Richards v. Raymond

Decision Date30 September 1879
Citation92 Ill. 612,34 Am.Rep. 151,1879 WL 8569
PartiesFREDERICK RICHARDSv.SAMUEL W. RAYMOND.
CourtIllinois Supreme Court

OPINION TEXT STARTS HERE

APPEAL from the Appellate Court of the Second District; the Hon. NATHANIEL J. PILLSBURY, presiding Justice, and Hon. JOSEPH SIBLEY and Hon. E. S. LELAND, Justices.

This was a bill in chancery, by Frederick Richards, against Samuel W. Raymond, county treasurer of LaSalle county, to enjoin the collection of a school tax.

The court below, the Hon. EDWIN S. LELAND, presiding, sustained a demurrer to the bill and dismissed the bill. The case was taken by writ of error to the Appellate Court, where the decree of the circuit court was affirmed. The case comes to this court by appeal from the decree of the Appellate Court.

Mr. G. S. ELDRIDGE, for the appellant:

The school established, as set forth in the bill, is not such a school as can be said to fall within and constitute a part of a thorough and efficient system of common school education, whereby its benefits may be made practically available to all the children of the State. This is shown by the bill, and is a fact of which this court must take judicial notice, that is,--what is a common school education, as provided in the statute. The law being unconstitutional the tax is void. The People v. McAdams, 82 Ill. 356; The People v. Mayor, etc. 51 Id. 17; The People v. Salomon, Id. 37; Fisher v. The People, 84 Id. 491; Const. of 1870, art. 9, secs. 9 and 10; Const. of 1848, art. 9, sec. 5.

Messrs. MAYO & WIDMER, and Mr. E. F. BULL, for the appellee:

Taxes for the support of high schools have been sustained by this court and the law upheld. Fisher v. The People, 84 Ill. 491; Trustees of Schools v. The People ex rel. 87 Id. 303.

One rule for the construction of State constitutions, adopted by the courts of all the States, so far as we are informed, and a rule in harmony with the common law, upon which our institutions are founded, is this: “The legislature is supreme, and its acts valid and binding unless they are in express conflict with the constitution of the United States or of the State. Limitations upon the power of the legislature arise either from express words in the constitution or necessary implication.” Cooley's Const. Lim. 89-168; Potter's Dwarris on Stat. and Const. 62-4; The People v. Marshall, 1 Gilm. 672; Chicago, Danville and Vincennes Railroad Co. et al. v. Smith, 62 Ill. 271; Lane v. Dorman, 3 Scam. 238; The People v. Hatch, 33 Ill. 130; McVeagh v. City of Chicago, 49 Id. 318; The People v. Salomon, 46 Id. 333; Bunn v. The People, 45 Id. 397; Morris v. The People, 3 Denio, 382; The People v. Draper, 15 N. Y. 543; Fletcher v. Peck, 6 Cranch, 128; Sill v. Village of Corning, 15 N. Y. 303; Bank v. Brown, 26 Id. 469; The People v. Denniston, 23 Id. 251; The People v. Fisher, 24 Wend. 220.

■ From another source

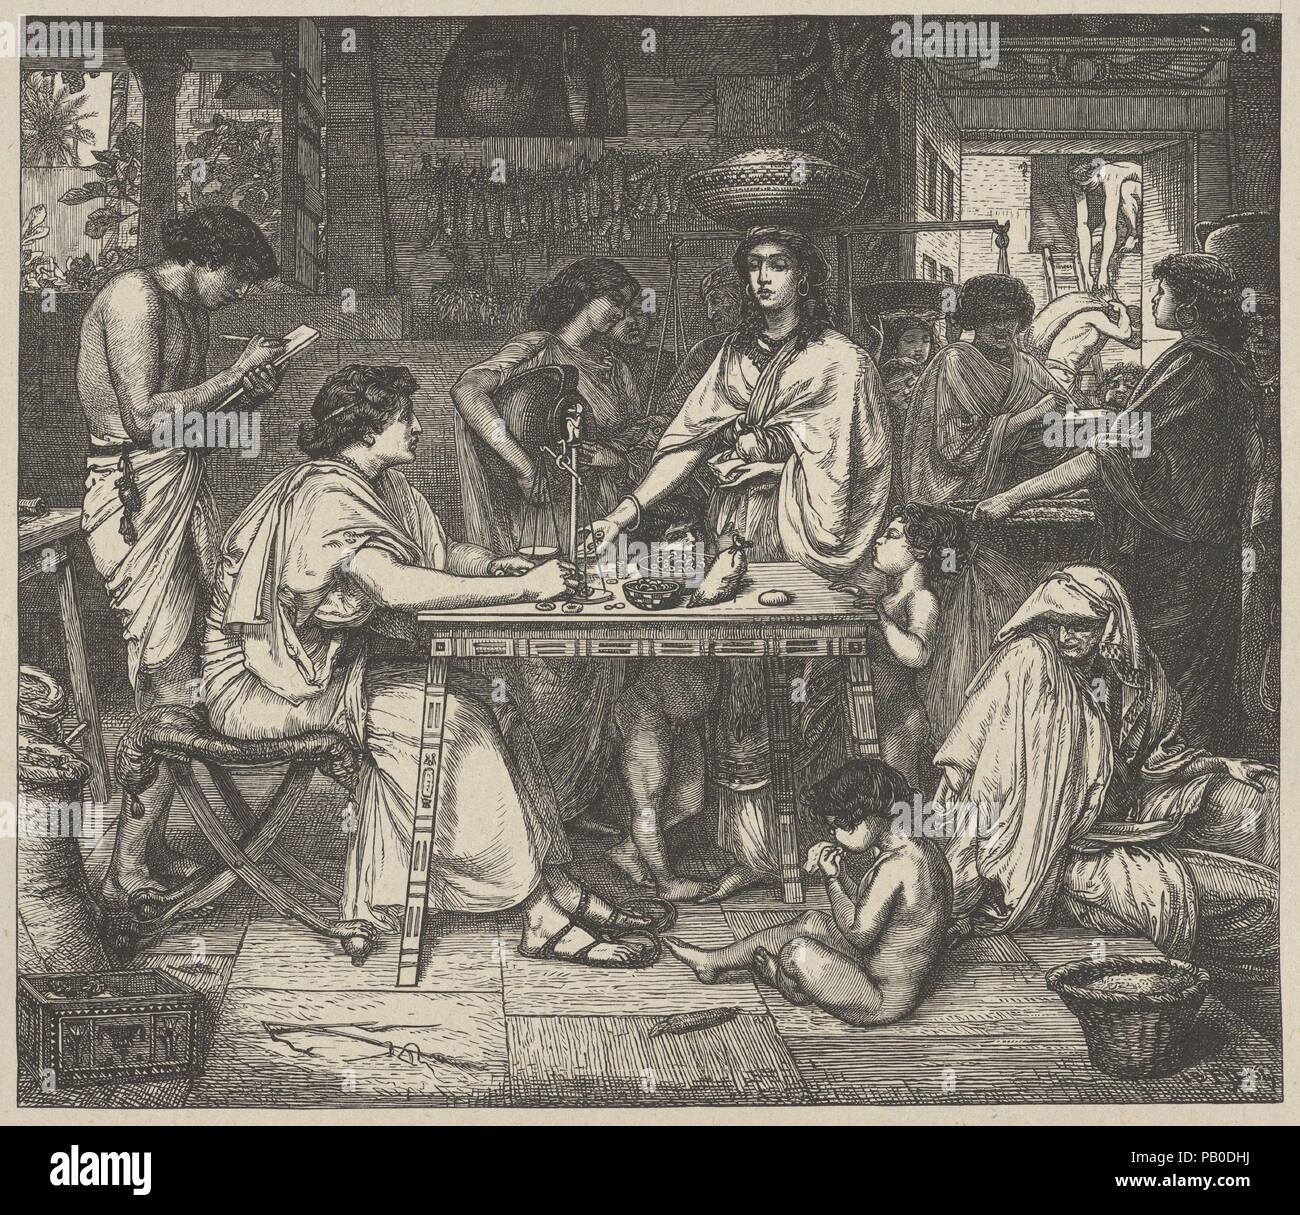 Joseph vertreibt Mais (Dalziels "Bibel Galerie). Artist: Nach Sir Edward John Poynter (British (Frankreich) geboren, Paris 1836-1919 London). Abmessungen: Bild: 6 5/16 x 7 1/4 in. (16×18,4 cm) Indien Blatt: 8 7/16 x 9 1/4 in. (21,5 × 23,5 cm) Berg: 16 7/16 in. × 12 15/16 in. (41,8 × 32,8 cm). Engraver: Dalziel Brüder (British, 1839-1893) aktiv. Drucker: Camden Drücken Sie (Briten, London). Verlag: Scribner und Welford (New York, NY). Datum: 1864-81. Museum: Metropolitan Museum of Art, New York, USA. Stockfoto

Another rule equally well established is, that courts will never indulge in the supposition that a law is unconstitutional unless the repugnancy is manifest to the understanding. Chicago, Danville and Vincennes Railroad Co. et al. v. Smith, 62 Ill. 271; Lane v. Dorman, 3 Scam. 238; The People v. Marshall, 1 Gilm. 672; The People v. Hatch, 33 Ill. 130; McVeagh v. City of Chicago, 49 Id. 318; The People v. Salomon 46 Id. 333; Bunn v. The People, 45 Id. 397; Bureau County v. Chicago, Burlington and Quincy Railroad Co. 44 Id. 229.

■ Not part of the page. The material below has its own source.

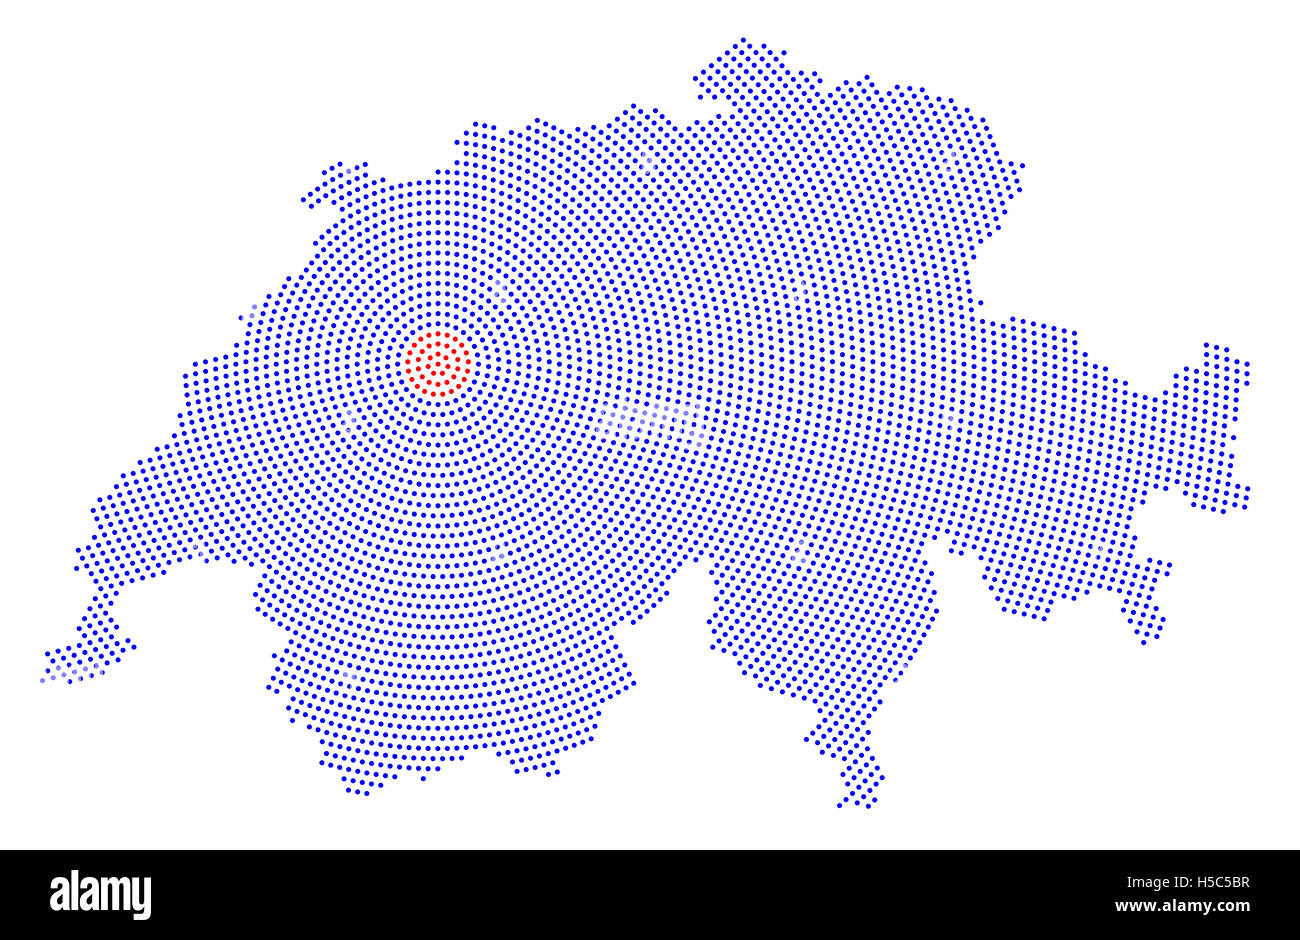 Schweiz-Karte radial Punktmuster. Blaue Punkte gehen von den roten gepunkteten Hauptstadt Bern nach außen und bilden die Land-Silhouette. Stockfoto

Mr. JUSTICE CRAIG delivered the opinion of the Court:

This was a bill in equity, to enjoin the collection of a tax levied to sustain a high school established in township 31, range 3, in LaSalle county, under the provisions of section 35 of the School law, (Rev. Stat. of 1874, p. 957,) which is as follows:

“Upon petition of fifty voters of any school township, filed with the township treasurer at least fifteen days preceding a regular election of trustees, it shall be the duty of said treasurer to notify the voters of the township that an election for and against a high school will be held at the next ensuing election of trustees, and the ballots to such effect shall be received and canvassed at such election; and if a majority of the voters at such election shall be found to be in favor of a high school it shall be the duty of the trustees of the township to establish at some central point, most convenient for a majority of the pupils of the township, a high school for the education of the more advanced pupils.”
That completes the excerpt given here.